Siamo di fronte a un problema di potenze mondiali dentro una nuova organizzazione mondiale in divenire e c’è chi pensa in Italia di continuare a fare propaganda politica. Questo la gente che ha più sale in zucca dei capi dei partiti populisti lo capisce al volo ed è questo il motivo per cui guarda con simpatia a chi, come Draghi, sa fare politica internazionale e, prima degli altri, ha scelto tra chi vuole tenere in piedi Putin e l’egemonia cinese secondo uno schema che la storia europea non regge più e chi invece ha capito subito di fare sponda, guidandola, sull’Europa e sulla comunità europea assolutamente schierate con l’America per ragioni geopolitiche che chi sa come e dove si fa politica non può ignorare.

La riproposizione delle vecchie stupidaggini di correre dietro alle pulsioni che ci sono in una parte del Paese che le ha assorbite in quasi sessant’anni di populismo dal ’68 in poi è l’alternativa a tutto ciò e, purtroppo, non è solo l’espressione di un diverso modo di pensare.
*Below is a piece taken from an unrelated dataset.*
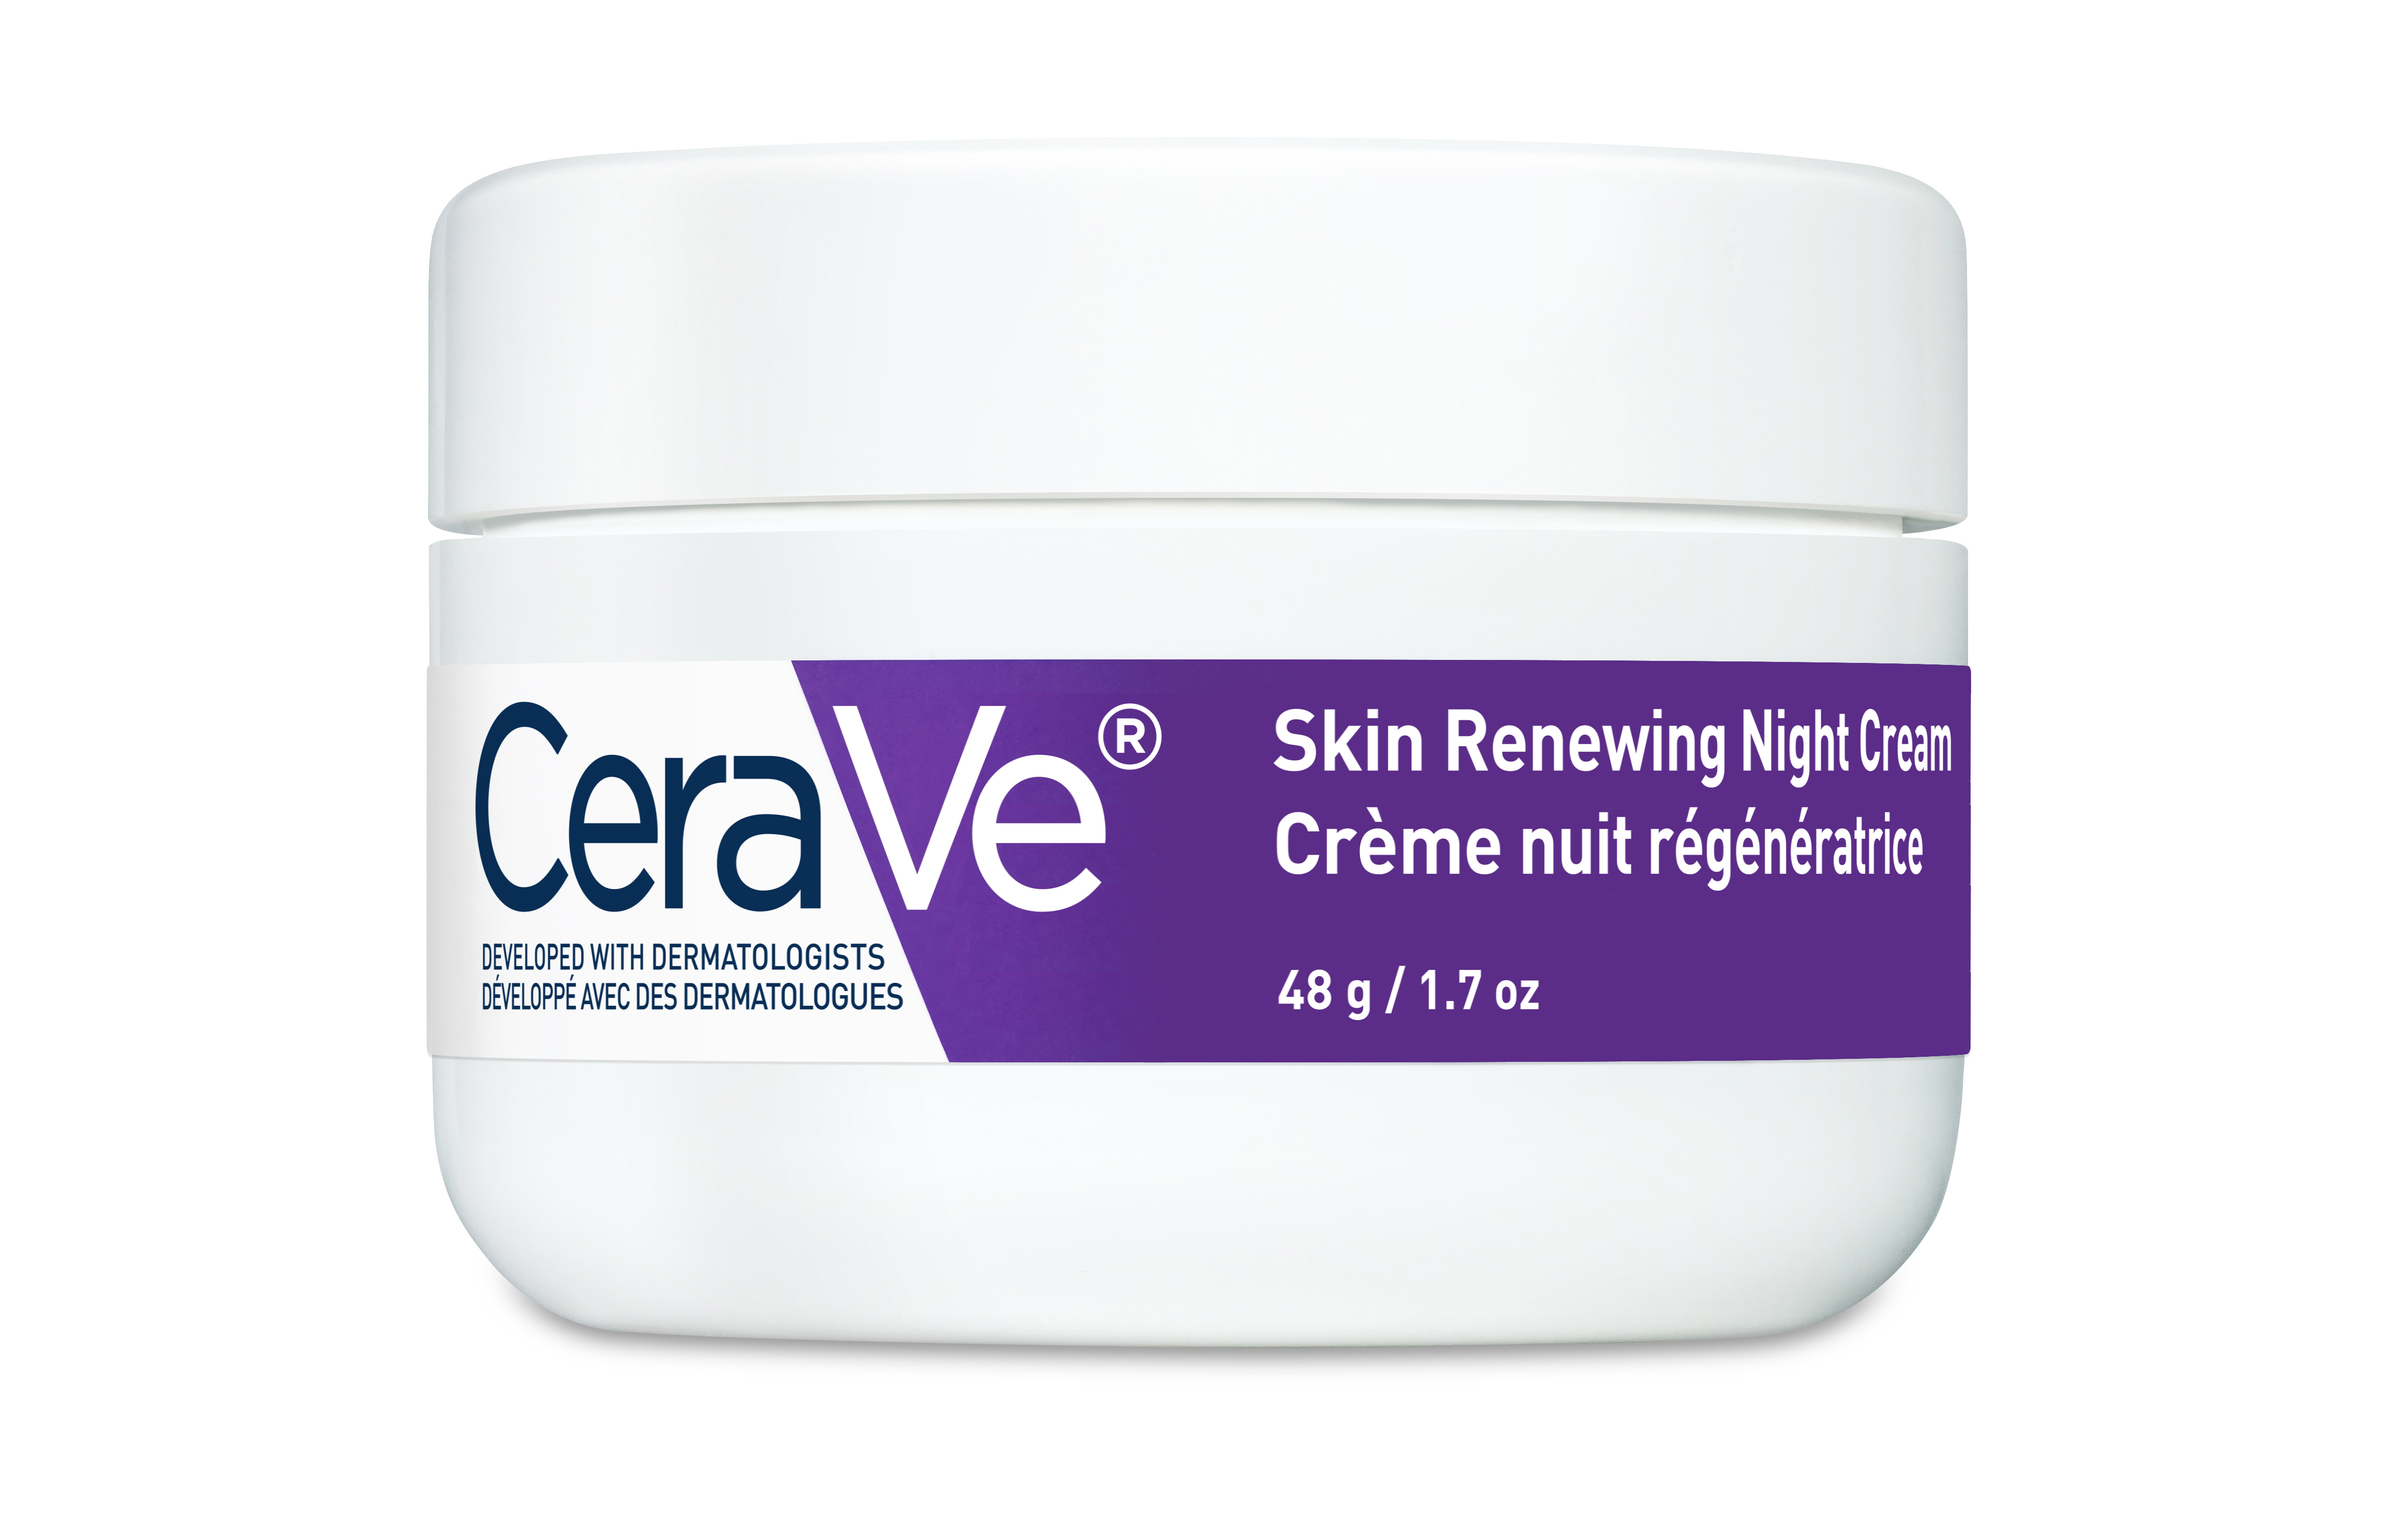 Cerave night

Legata a questa prospettiva c’è l’alternativa eterna di una Italia che sta fuori da tutto e, soprattutto, di un’Italia neutralista che non si vuole identificare con l’Occidente a guida americana e, tanto meno, si può identificare con la Russia dopo gli orrori in Ucraina e con la stessa Cina. Un’Italia che ripropone oggi la vecchia lezione della terza forza o della terza via di berlingueriana memoria esprime l’eterna illusione di inseguire uno spazio che non c’è.

Perché quando c’è lo scontro di civiltà, come ha anche ieri da Strasburgo acutamente risottolineato Mattarella, non ci sono più per l’Italia né uno spazio politico né uno spazio economico per chiuderci in noi stessi. Perché viceversa siamo costitutivamente parte di quel sistema occidentale, americano e europeo, che è ancora l’avanguardia economica e civile del mondo. Non siamo la Svizzera e non possiamo stare in piedi da soli.